Bianchi Dy - Personal Website

High-quality dialogue between the government and the public is a necessary component of the urban planning process. Data from public surveys, online feedback portals, and social media platforms are standard sources of public opinion on current issues and developments. However, deriving area or issue-specific insights from unstructured text requires planners to read individual messages – a tedious and siloed process that prevents planners from learning across related issues and cases.

In this project, we interviewed planners to understand the structure of planning departments at URA, their workflows and how they currently use citizen feedback in their day-to-day decision making. Aside from coordinating expectations, meetings and deliverables with the DPL team, I developed a workflow to process unstructured text using natural language processing and machine learning into clusters or ‘topics’, with an emphasis on identifying and assessing the quality of persistent ('evergreen') and 'emergent' topics across time. I explored different metrics for assessing cluster quality and the similarity of clusters to one another temporally, based on the shared occurence of key words. These are reflected in the data visualizations on the next two pages, which were primarily designed by Nazim Ibrahim and involved my input. Both the workflow and data visualizations are currently in the process of being integrated into the ePlanner, an allin- one system of planning knowledge where datasets can be layered onto each other or consulted in detail by planners.

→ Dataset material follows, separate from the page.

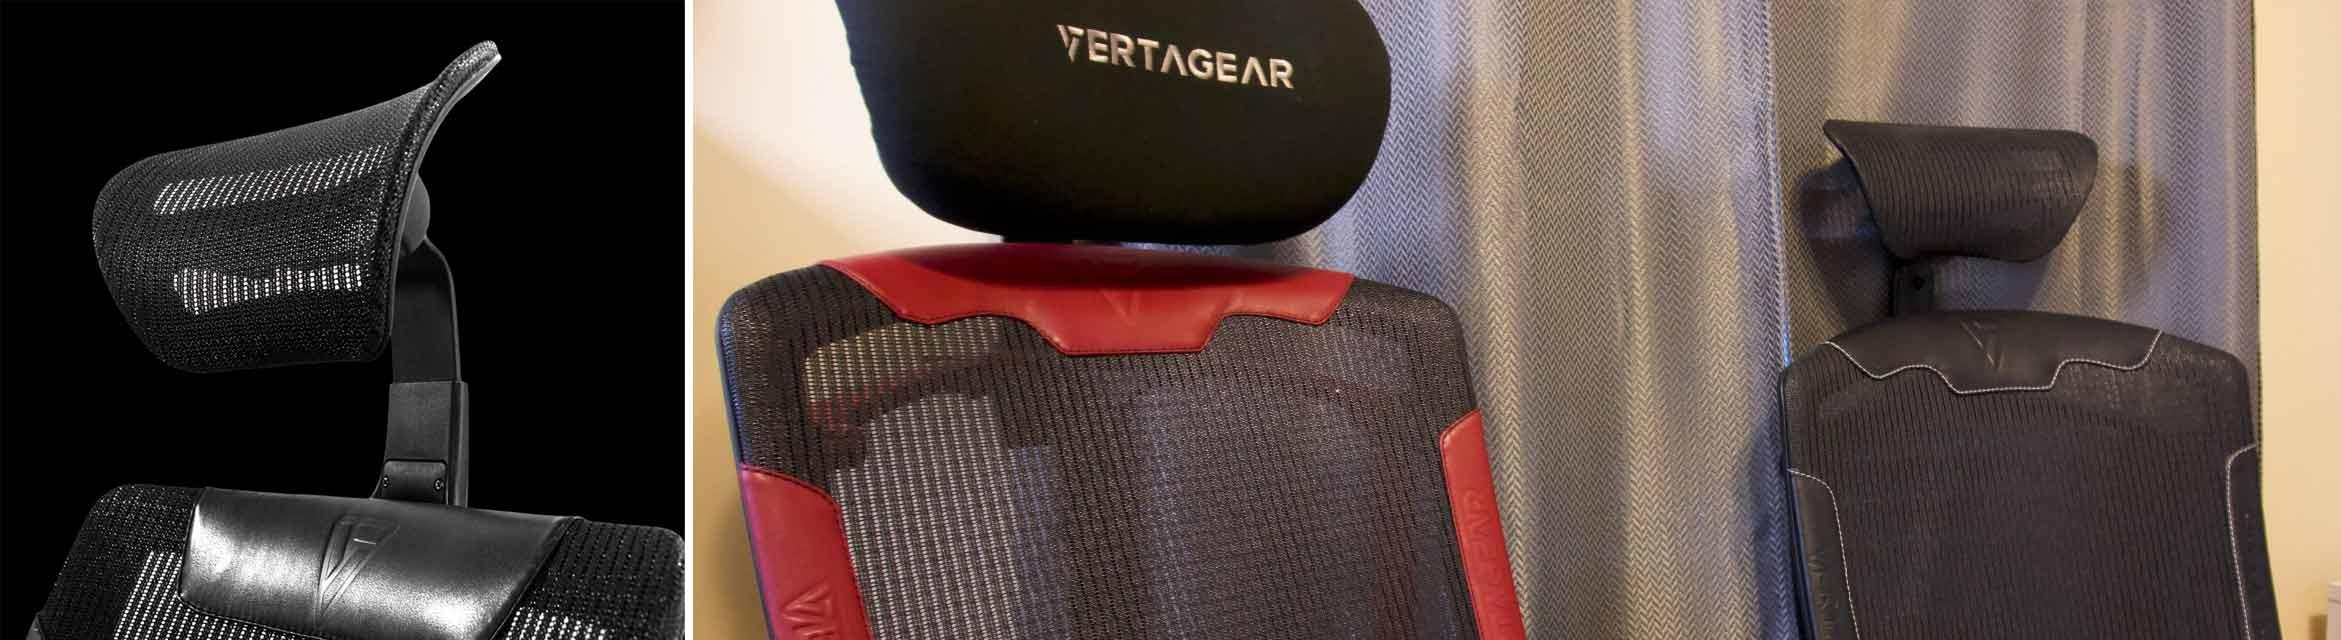 gaming chairs  - صندلی های بازی - Vertagear-Gaming-Series-Triigger-350-Special-Edition---gaming-chair---معرفی-و-انواع-صندلی-های-بازی---صندلی-گیمینگ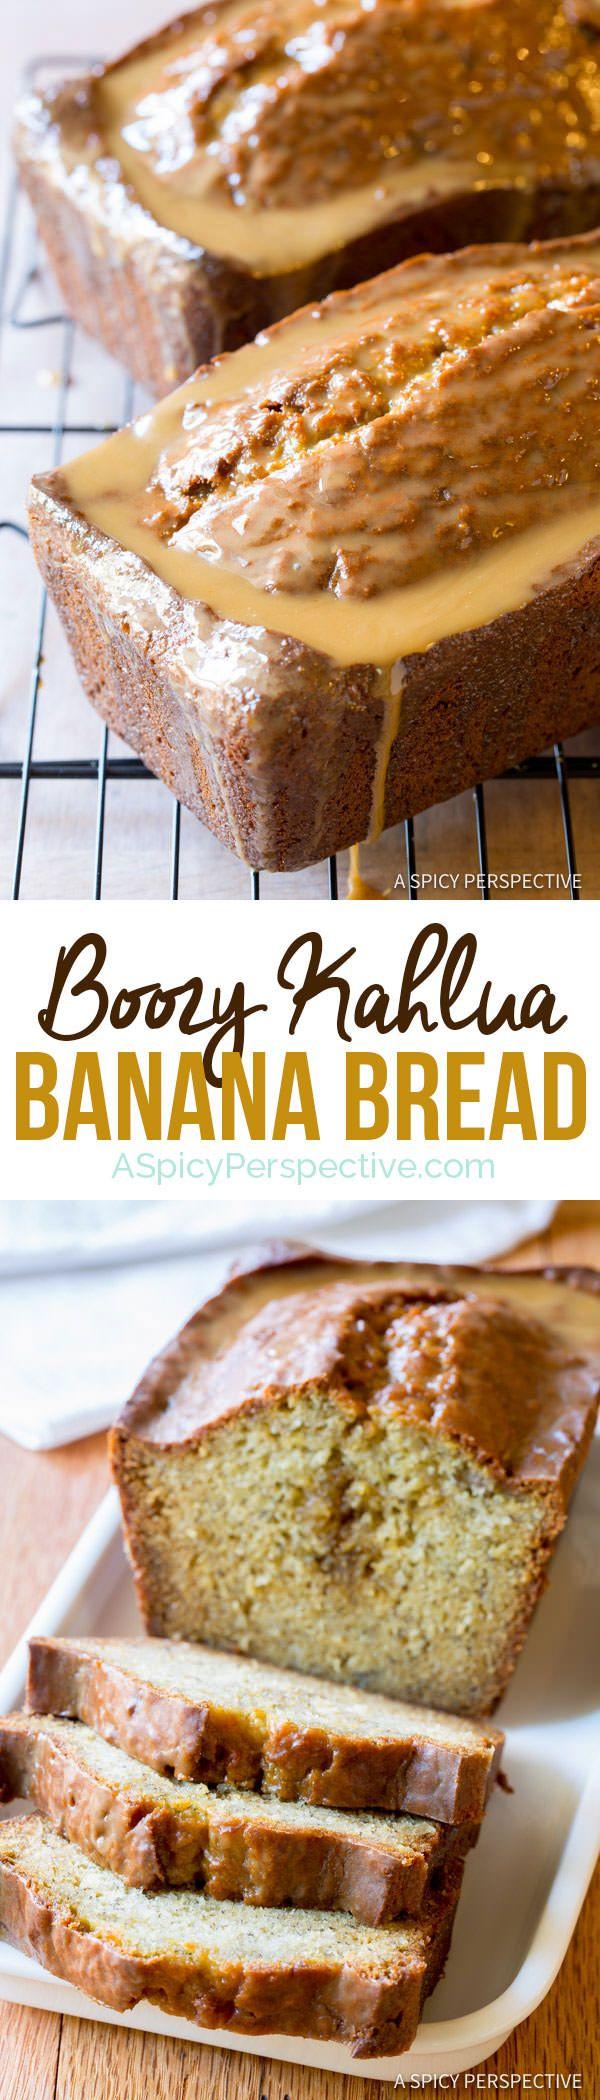 Dazzling Kahlua Banana Bread | ASpicyPerspective.com

This project served as a precursor to another project on machine-assisted reply generation for urban planning queries. It will be part of the to-be-launched SUTD-URA Centre of Excellence.

2019-2021

✦Research

✦Data Visualization

Bianchi Dy, Nazim Ibrahim, Sam Joyce

B Dy, I Nazim, S Koh, A Chua, “Topics Through Time: Clustering and Visualizing Unstructured Public Feedback for City Planning” under review in Computers, Environment and Urban Society, 2022

Eight maps of Singapore, colored by intensity of messages
pertaining to certain cluster

Small multiples of each planning area, broken down into
subzones. The bar chart in the top row shows topic volumes, while the bottom row shows
where messages are concentrated within the planning area.

I initially explored geospatial representations of the data such as choropleths and dot plots. Messages were clustered using k-means and TF-IDF after stop word removal. This project was the first time the data had been visualised on a map, and this feature was later brought over into URA's planning support system.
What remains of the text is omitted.